The elderly Auburn couple is wandering through Aggieville, the cluster of college bars and shops in Manhattan, Kansas. They look up.
"Hello. I disagree strongly with your choice of clothing, sir."
The pot-bellied man in the orange polo shirt gives a sort-of laugh.
"That all?" his wife asks.
"Have a nice day, sir." Another voice from above.
Three Kansas State students are leaning over a rooftop balcony in purple T-shirts and sunglasses, drinking Bud Light just after 11 a.m. on this gameday Thursday. For as much as anything could possibly congest the overpowering breadth and range of the Flint Hills, a football game has Manhattan jammed. The feeder routes from I-70 are jammed, at least northbound. Aggieville is jammed.

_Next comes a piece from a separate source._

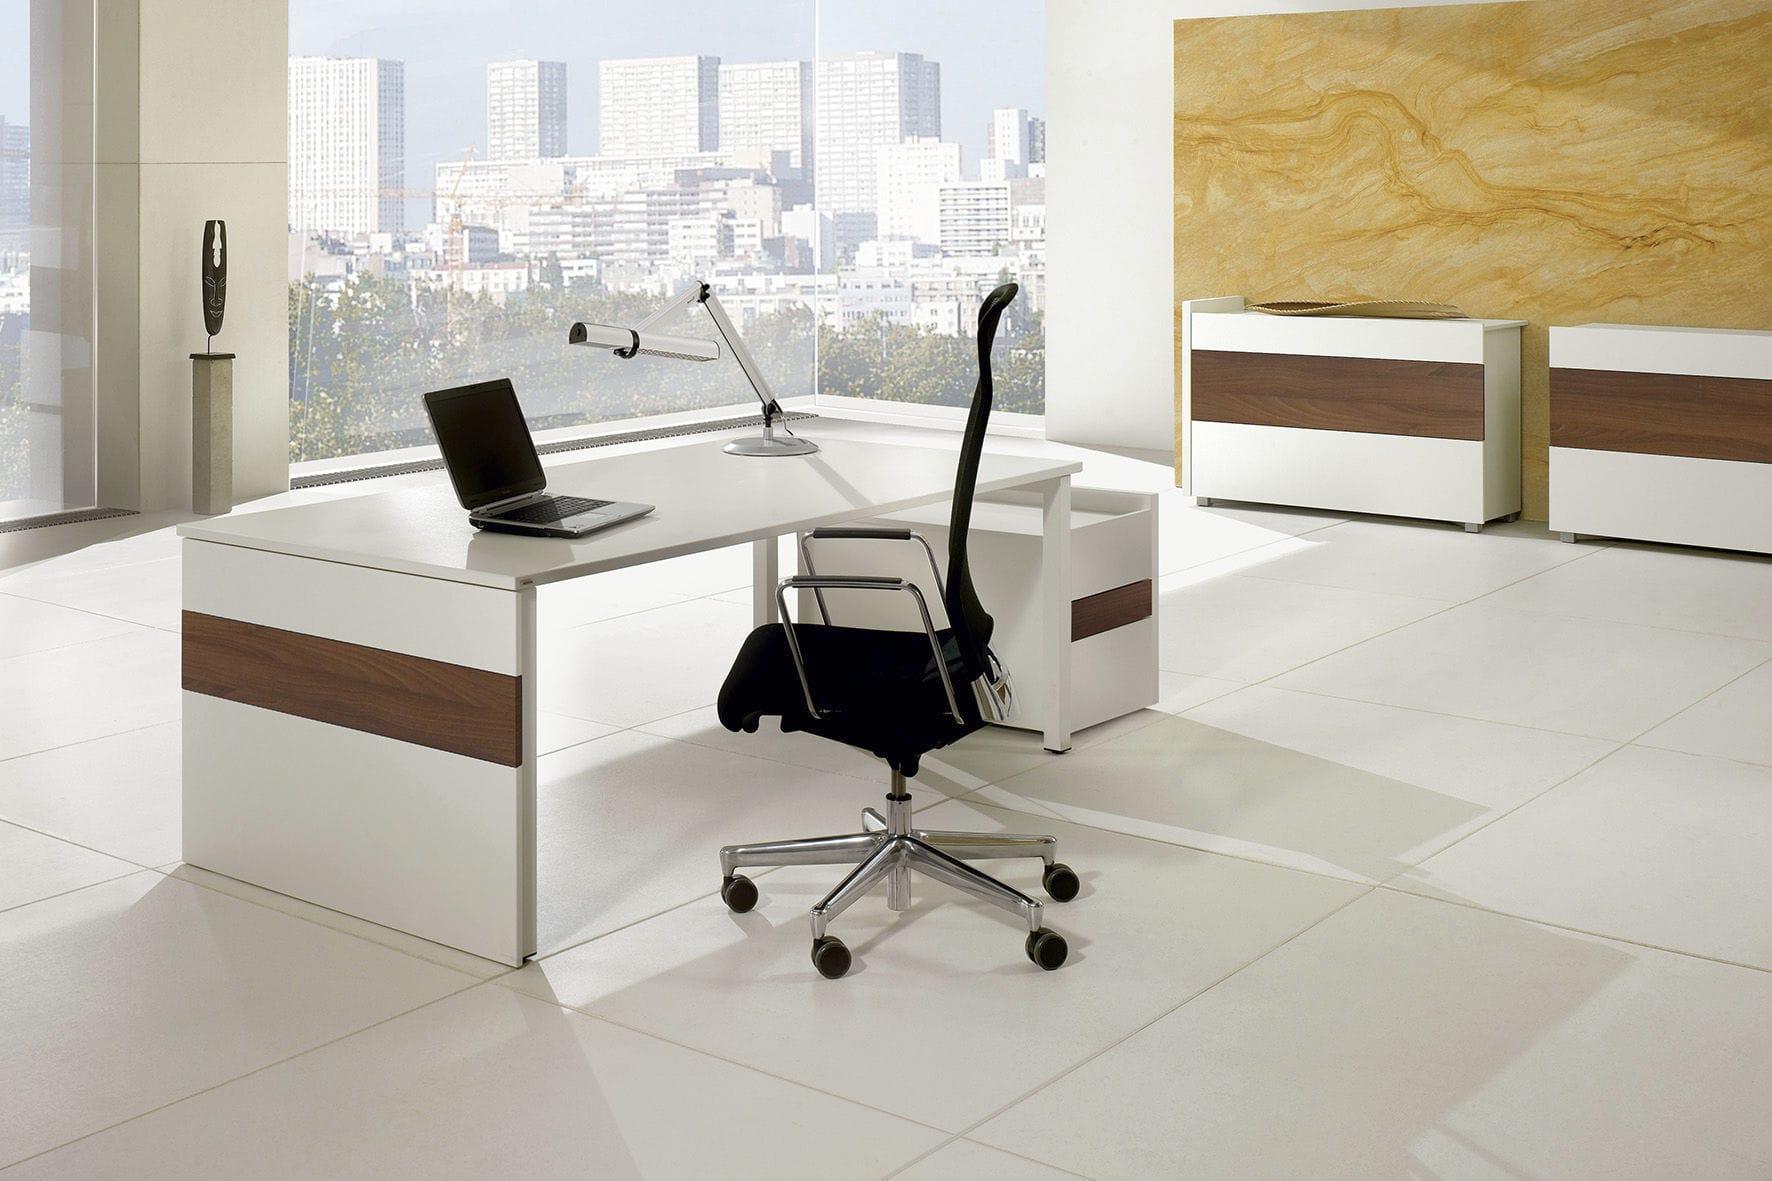 ... Holz Schreibtisch / Aus Aluminium / Melamin / Modern TRIASS ASSMANN  BÜROMÖBEL GMBH U0026 CO ...

Thursday night college football games are outside of logic to anyone other than television executives. To No. 20 Kansas State, everything around No. 5 Auburn's trip here is exciting and unorthodox, but ill-fitting.
SB Nation Live
This is not a K-State experience. The locals suspect with a polite caution that this is something like an SEC football game. Many of the Auburn fans milling about Aggieville bars are asked not about the Tigers, but Mississippi State, a program the Wildcats have just signed for a home-and-home non-conference agreement starting in 2018.
Derek, my campus tour guide, notes the Bulldog series as a particular harbinger.
"A lot of people think that could be the end of Bill. It's not the kind of series he would sign up for," Derek says.
Bill is Bill Snyder, of Bill Snyder Family Stadium. He's the venerable "right way" program-builder, renowned for turning cordwood recruits into overachievers by anyone's measure. Bill Snyder the wizard strategist, or simply Bill.
"We've got Bill," a woman named Mary responds to an ESPN preview segment. The TV inside the Wabash Bar & Grill didn't ask, but the TV did make mention of Gus Malzhan's Auburn playmakers, namely JUCO transfer quarterback Nick Marshall, who chose the Tigers over Kansas State. Mary is fingering a cigarette lighter, sipping a beer with a lemon floating on top of it and talking to no one other than the TV.
The Kansas State head coach and the Preseason All-SEC quarterback he almost landed. Jamie Squire, Getty
"We've got Bill, and hopefully he's got something up his sleeve other than wrinkled skin, like me," Mary says.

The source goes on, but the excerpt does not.